E continua: “Basicamente treino no ginásio e há toda uma preparação física durante a semana. Além disso, três vezes por semana treino wrestling e às vezes outras modalidades como kickboxing, amateur wrestling.”

The Student Abreu dedica-se de corpo e alma ao desporto: “Não altero a minha rotina antes dos combates. Treino como se tivesse combates todas as semanas, portanto eu faço treino no ginásio de corpo inteiro segundas, quartas e sextas. Faço isso de manhã e à tarde costumo integrar outras artes marciais que acabam por complementar aquilo que que eu faço no wrestling, como por exemplo catch wrestling, ou luta greco-romana, kickboxing, muay thai. Ao fim de semana, tenho de facto o treino de wrestling, três horas ao sábado, três horas no domingo.”

Bacalhau punch

No wrestling é comum os lutadores adotarem alcunhas e usarem máscaras e fatos que tenham a ver com o imaginário da sua persona de ringue. No caso de Red Eagle, a sua identidade de palco tem a ver com a águia, símbolo do Benfica.

“Esta [máscara] foi feita no Japão. As minhas primeiras máscaras nós fizemos os designs e enviámos para serem feitas no México. Tentámos aqui em Portugal, fomos a pessoas que fazem a roupa para os marchantes das marchas de Lisboa, mas sempre disseram que não conseguiam fazer este tipo de trabalhos”, conta o fundador do CTW.
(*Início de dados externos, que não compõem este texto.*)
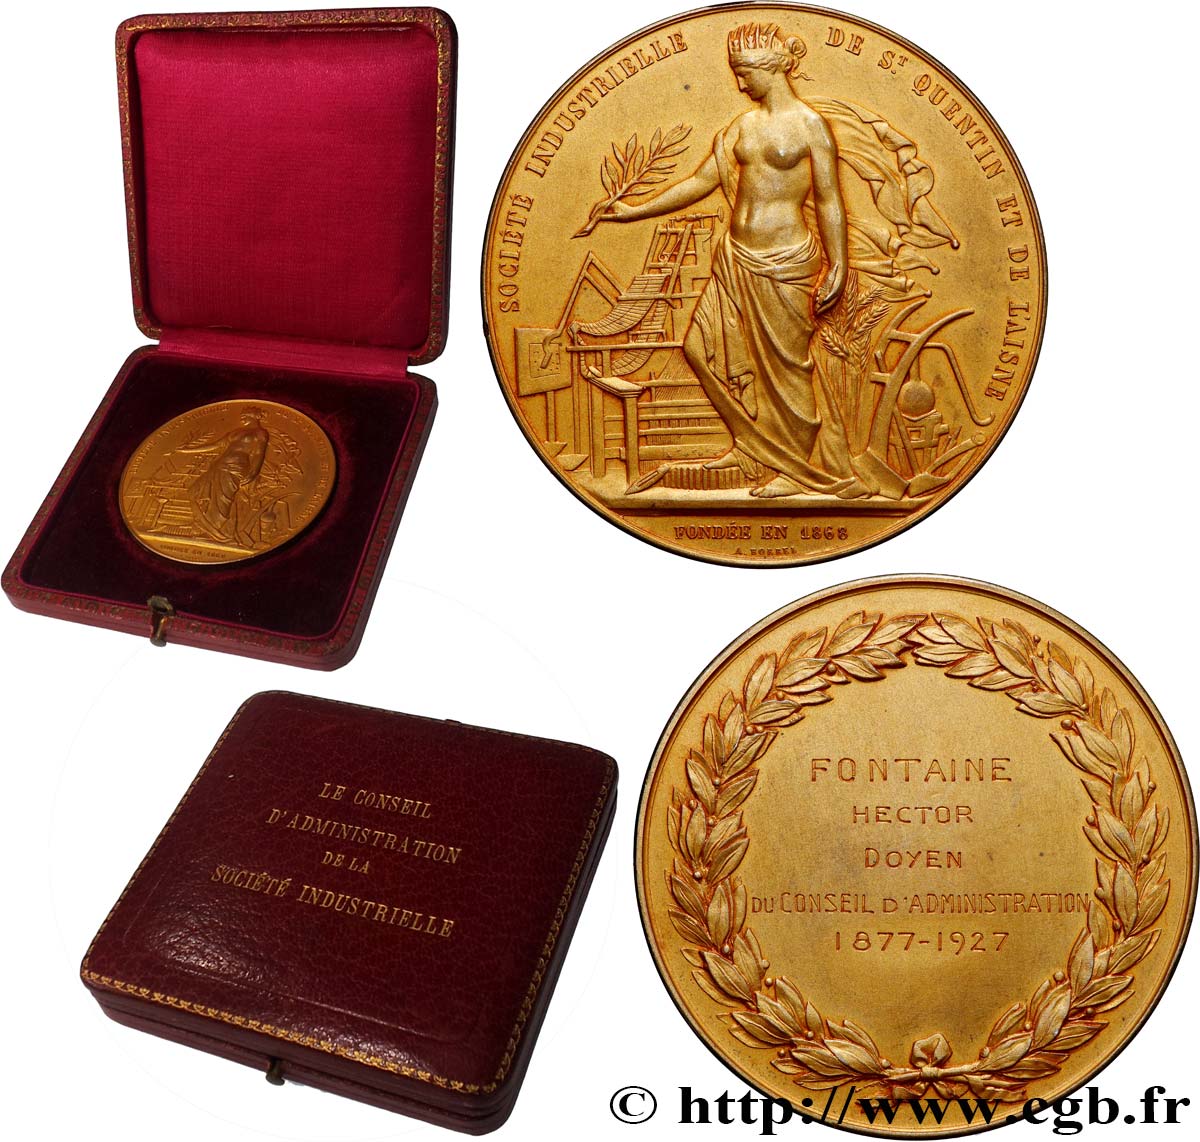 TERZA REPUBBLICA FRANCESE Médaille, Société industrielle de St Quentin et de l’Aisne, Conseil d’administration SPL
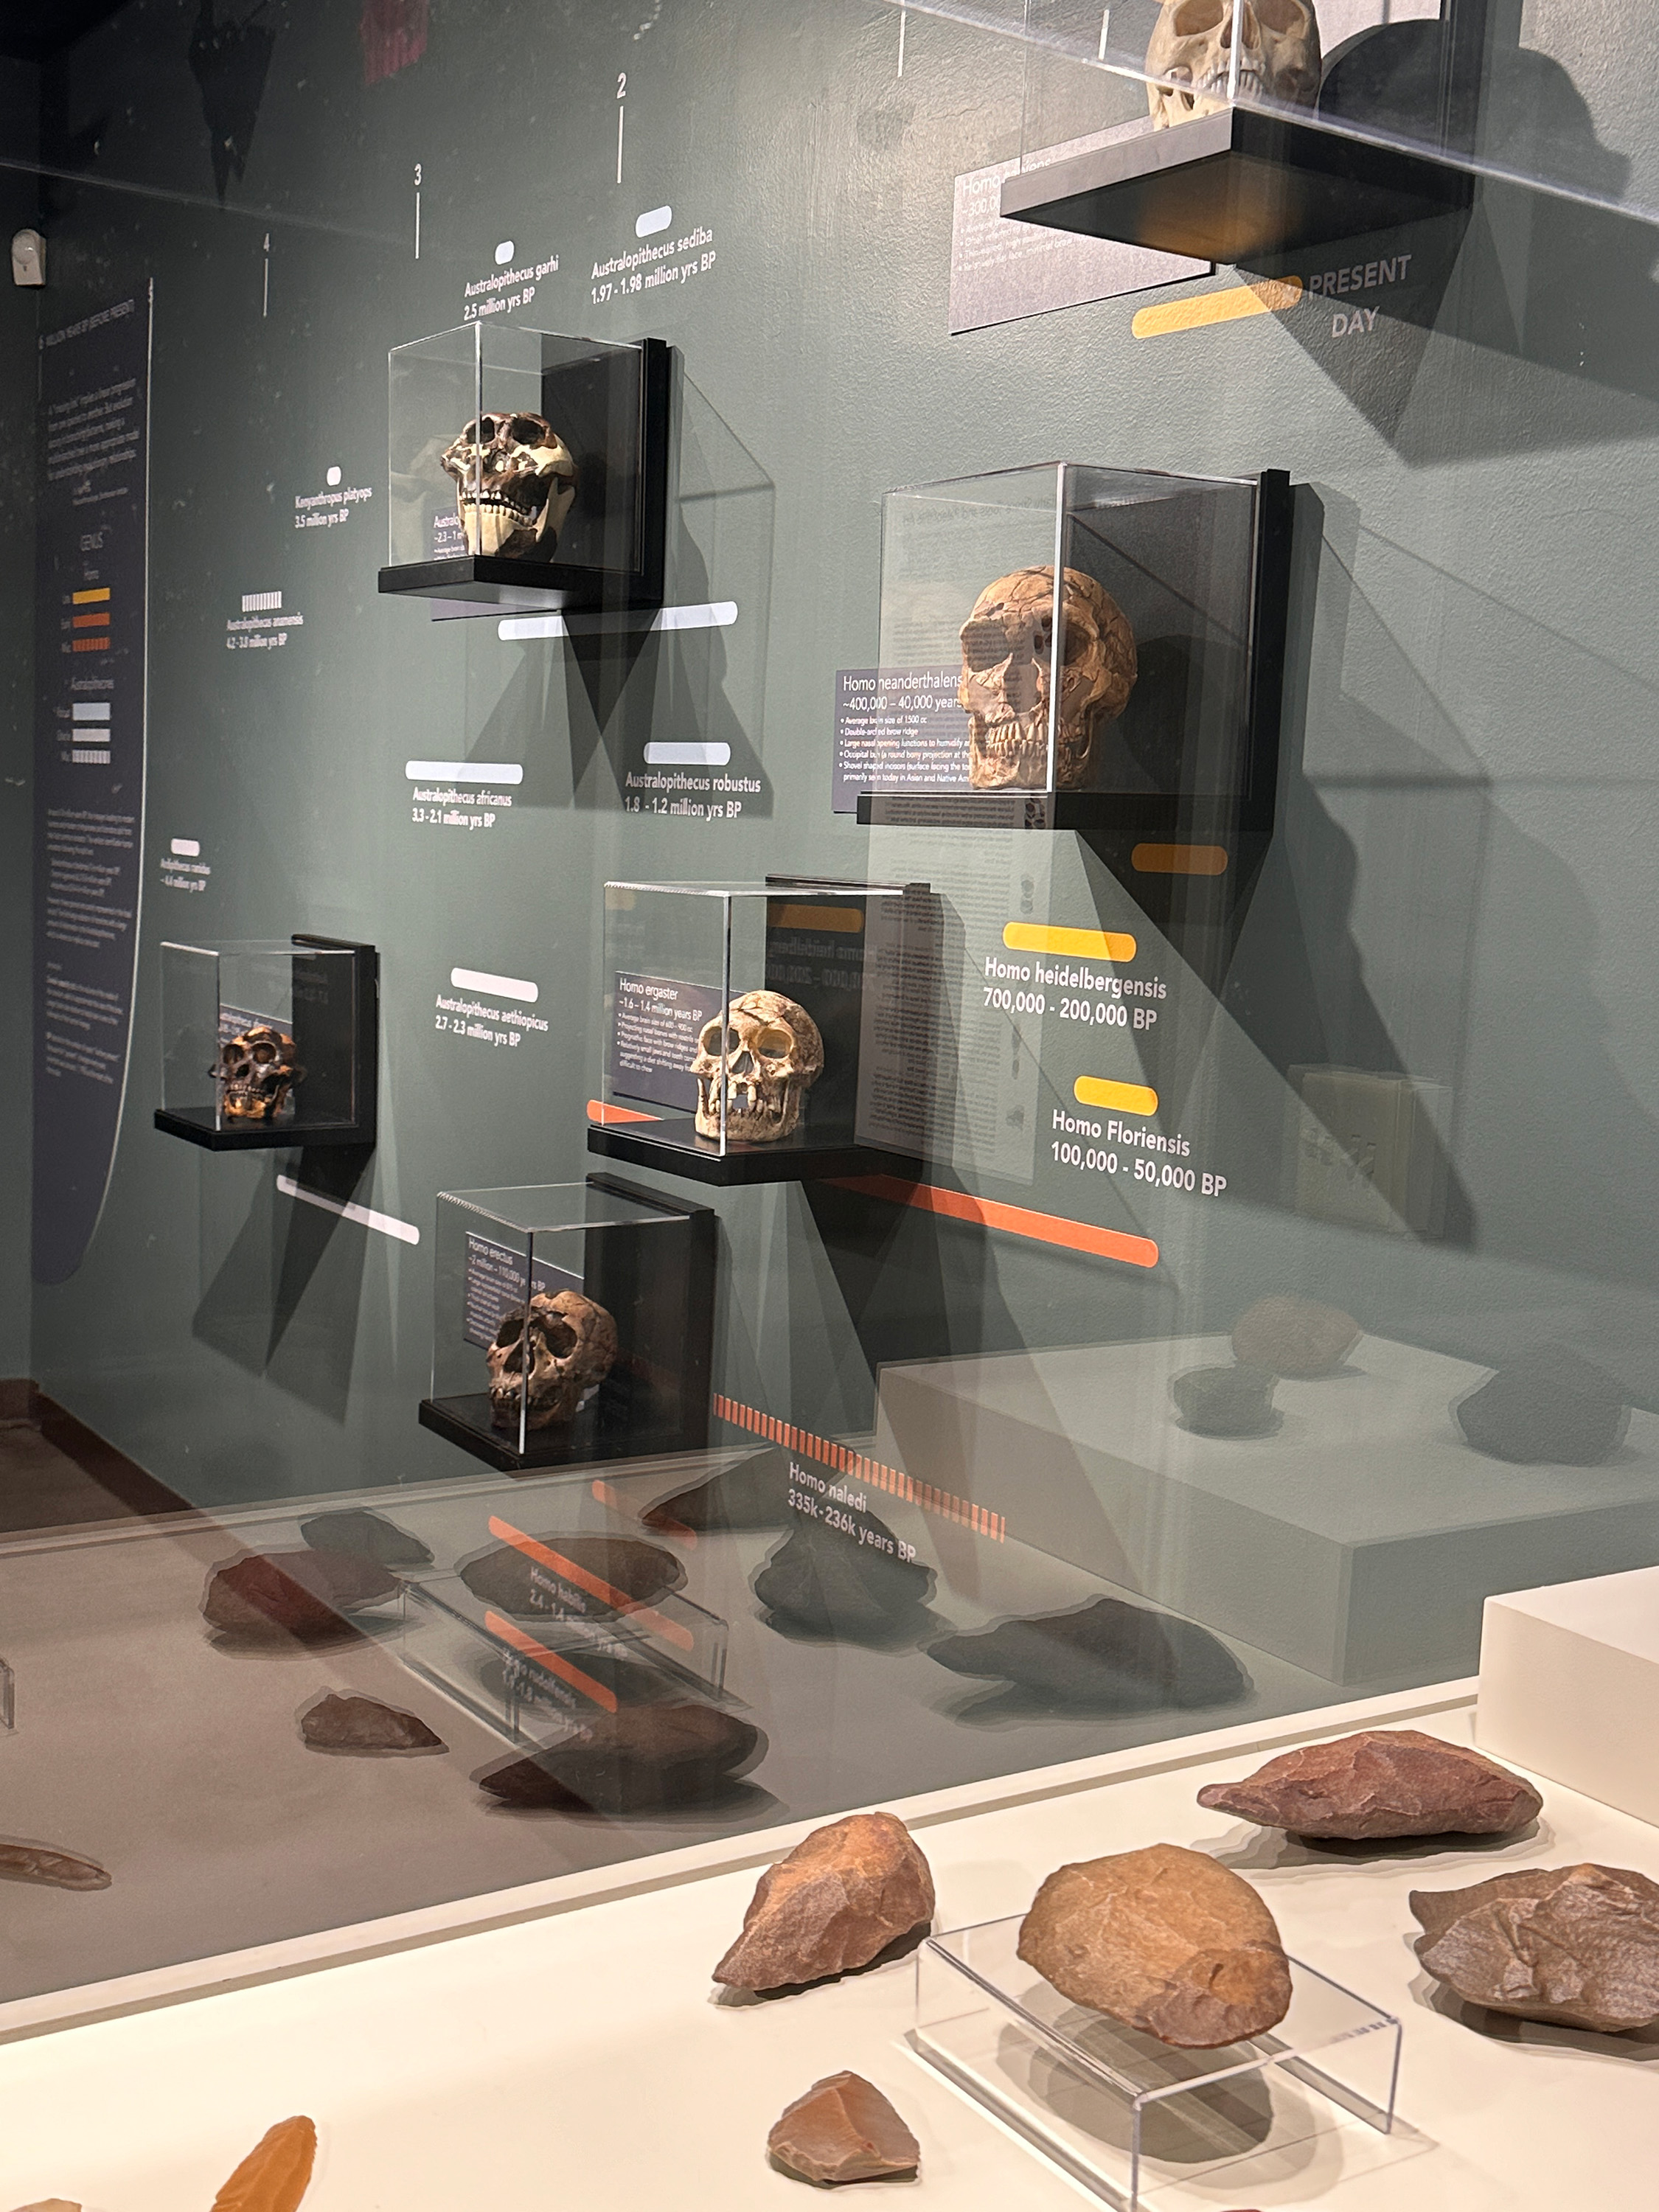 Human origins exhibit.

“O wrestling, como nós já sabemos, acaba por ser um desporto de entretenimento que é predeterminado. Obviamente, aquilo que acontece dentro do ringue – e até por isso é que eu acho que o wrestling, até ao dia de hoje acaba por ainda ser subvalorizado enquanto arte – acaba por ser orgânico, porque nós estamos a contar uma história. E nós contamos essa história, portanto, a contar com a reação que o público nos está a dar”, explica Red Eagle

“Nós temos esta parceria com uma companhia em Kawasaki, chamada Ita Pro Wrestling. E o fundador da companhia é um lutador que é o Tamura, que já lutou várias vezes aqui em Portugal. E ele um dia fez um vídeo promocional a dizer que ia estar em Portugal, e disse que ia estar na nossa escola e que aquilo não era uma escola de wrestling, era um ‘bacalhau-group‘, porque nós aqui gostamos muito bacalhau. Os fãs de wrestling e do CTW trouxeram-lhe um bacalhau [risos]… As próprias pessoas começaram a trazer o bacalhau, a dar-lhe o bacalhau, e assim nasceu a história do bacalhau. [risos] É fantástico ver um japonês do outro lado do mundo vir aqui e ser conhecido por ‘bacalhau’. Ele usa o bacalhau no combate e tem algumas técnicas como o ‘bacalhau punch‘ e coisas assim”, continua, divertido, Red Eagle.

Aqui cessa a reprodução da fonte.